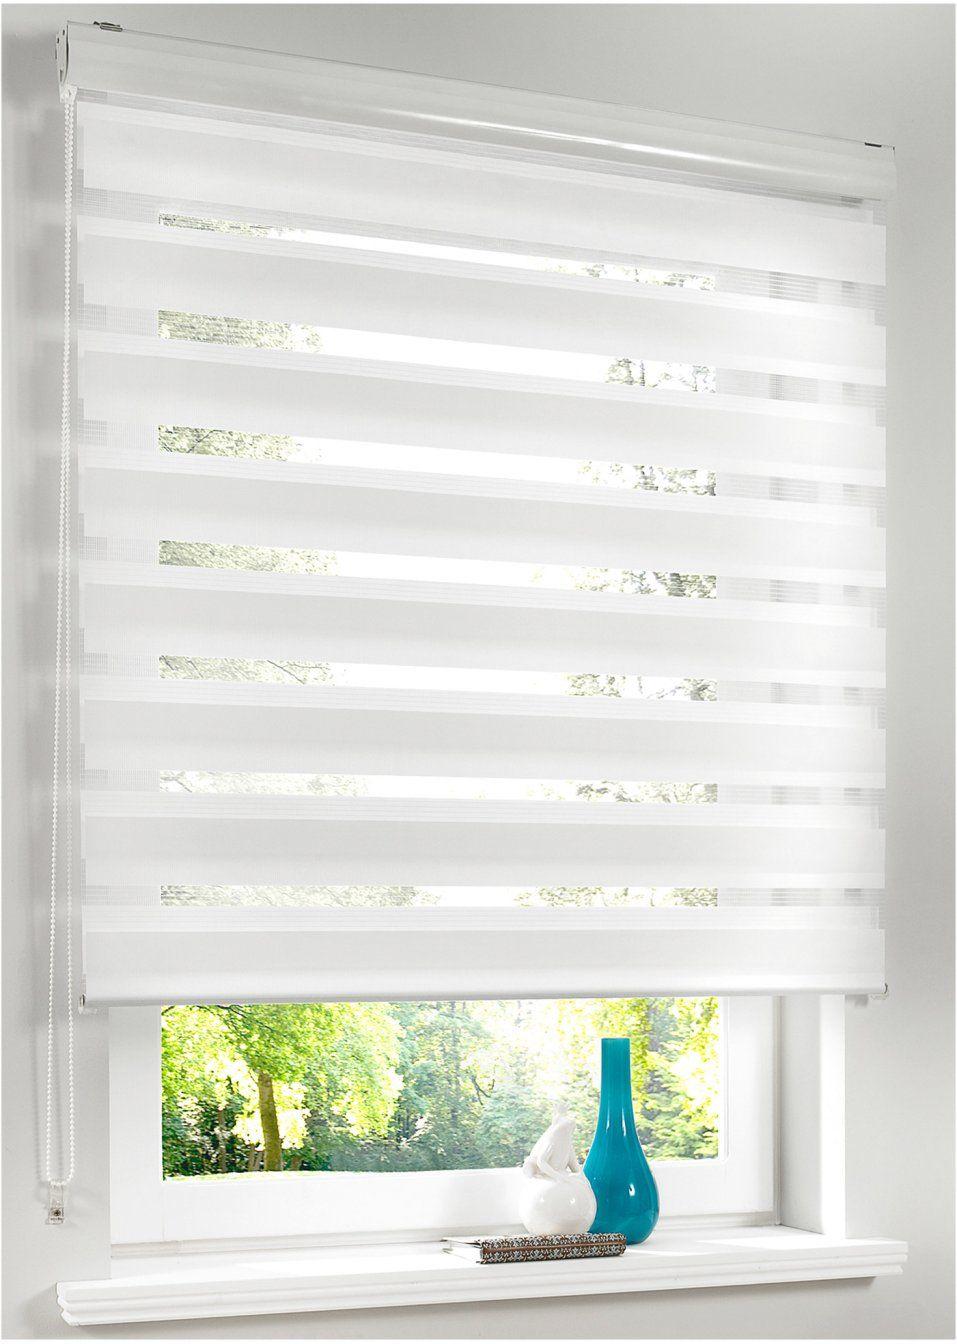 6700db87f6d84d Jetzt anschauen: Mit dem modernen Doppelrollo regulieren Sie die  Lichtverhältnisse in Ihren Wohnräumen individuell. Der Stoff ist  abwechselnd in ...
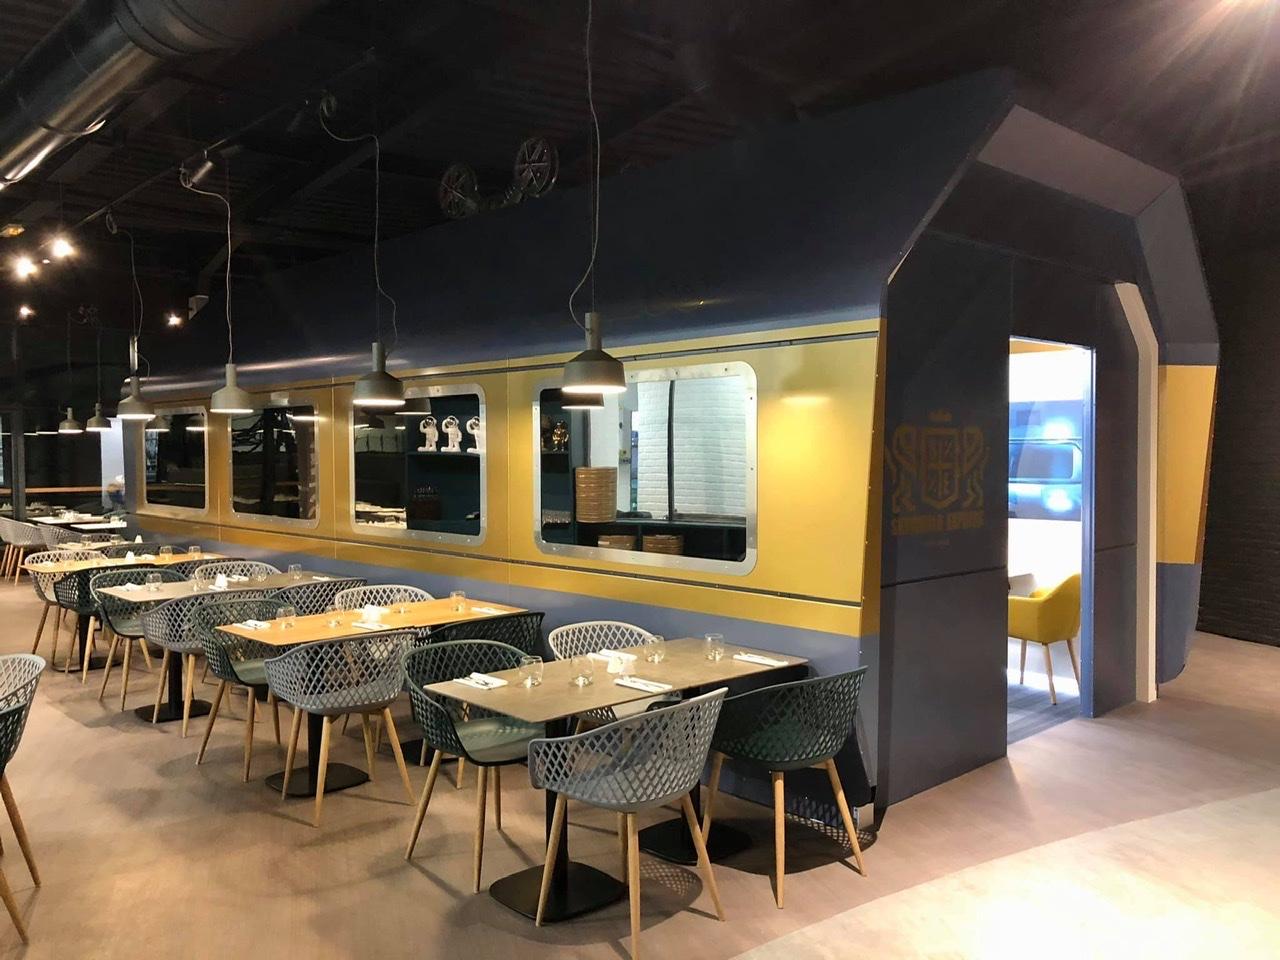 [Restaurant] L'Atelier des Saveurs · 2020 5-BE13-B2-A-D2-E3-438-F-839-E-892486137896
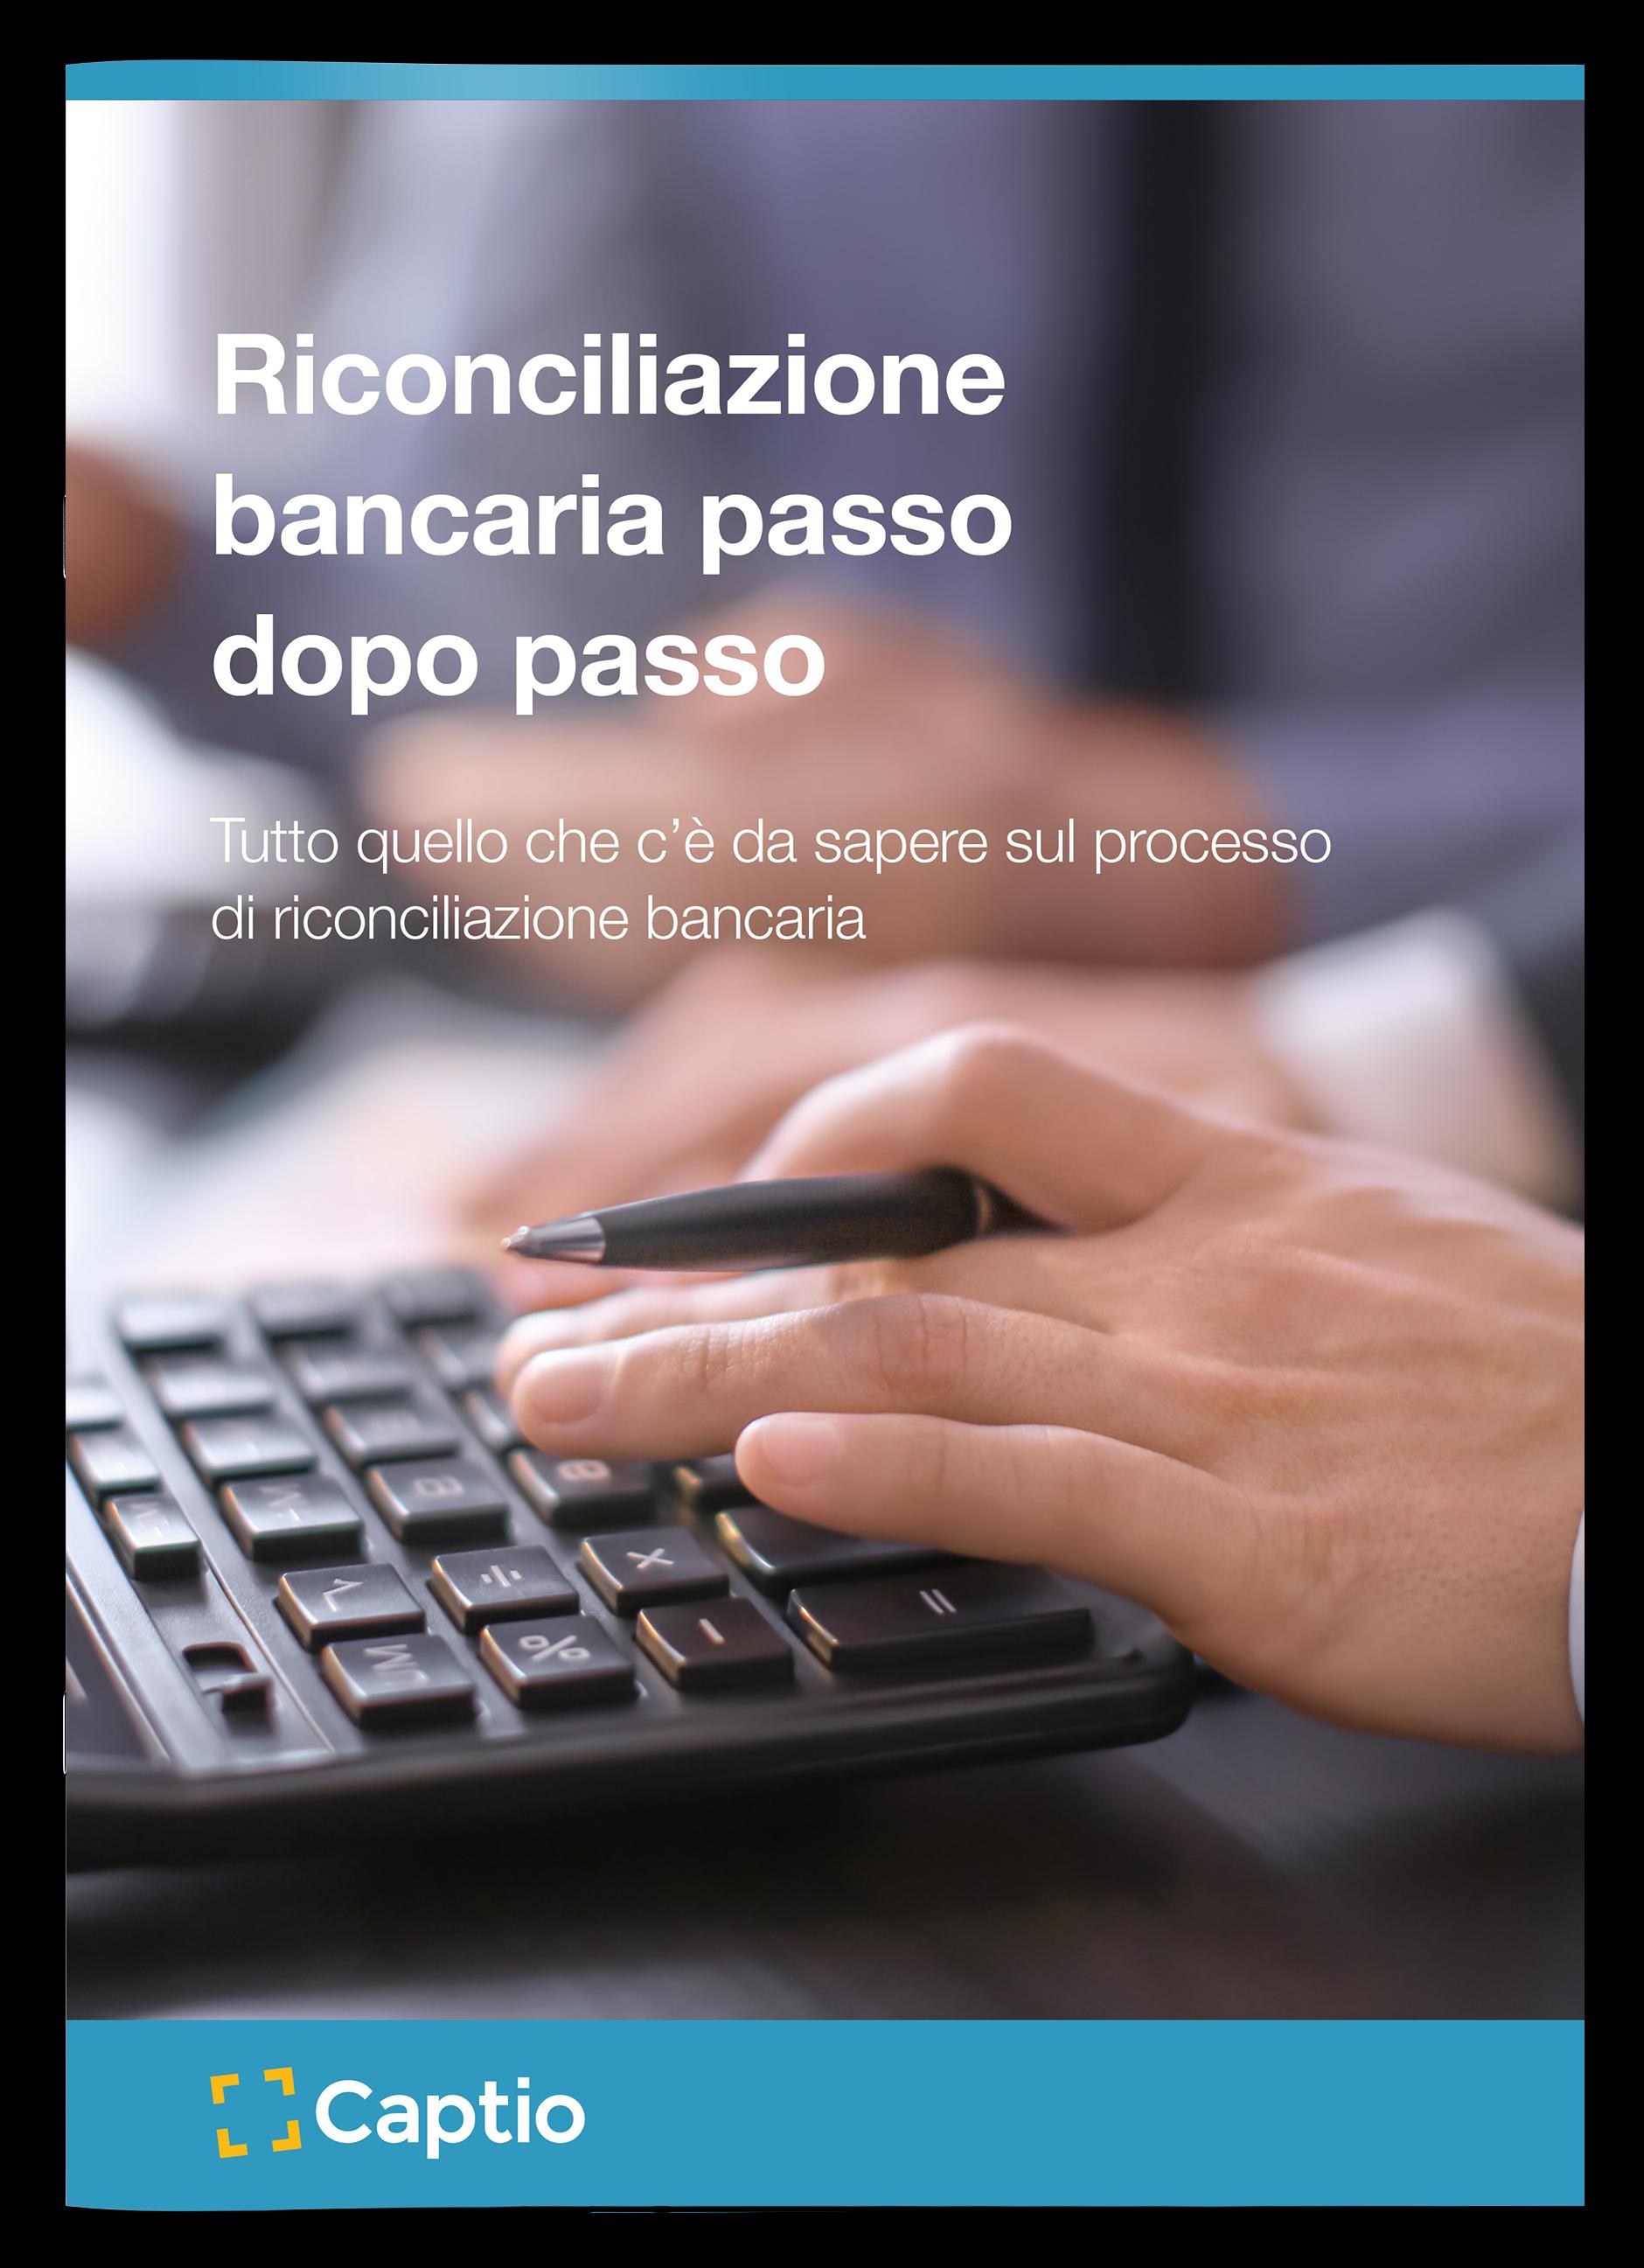 Riconciliazione bancaria passo dopo passo. - eBooks

-=-=-=-=-

• ASSIGNED TASK
When you write out the material above, keep every line exact and drop each picture.

• PROBLEM SOLUTION
 6700db87f6d84d Jetzt anschauen: Mit dem modernen Doppelrollo regulieren Sie die  Lichtverhältnisse in Ihren Wohnräumen individuell. Der Stoff ist  abwechselnd in ...
 [Restaurant] L'Atelier des Saveurs · 2020 5-BE13-B2-A-D2-E3-438-F-839-E-892486137896
 Riconciliazione bancaria passo dopo passo. - eBooks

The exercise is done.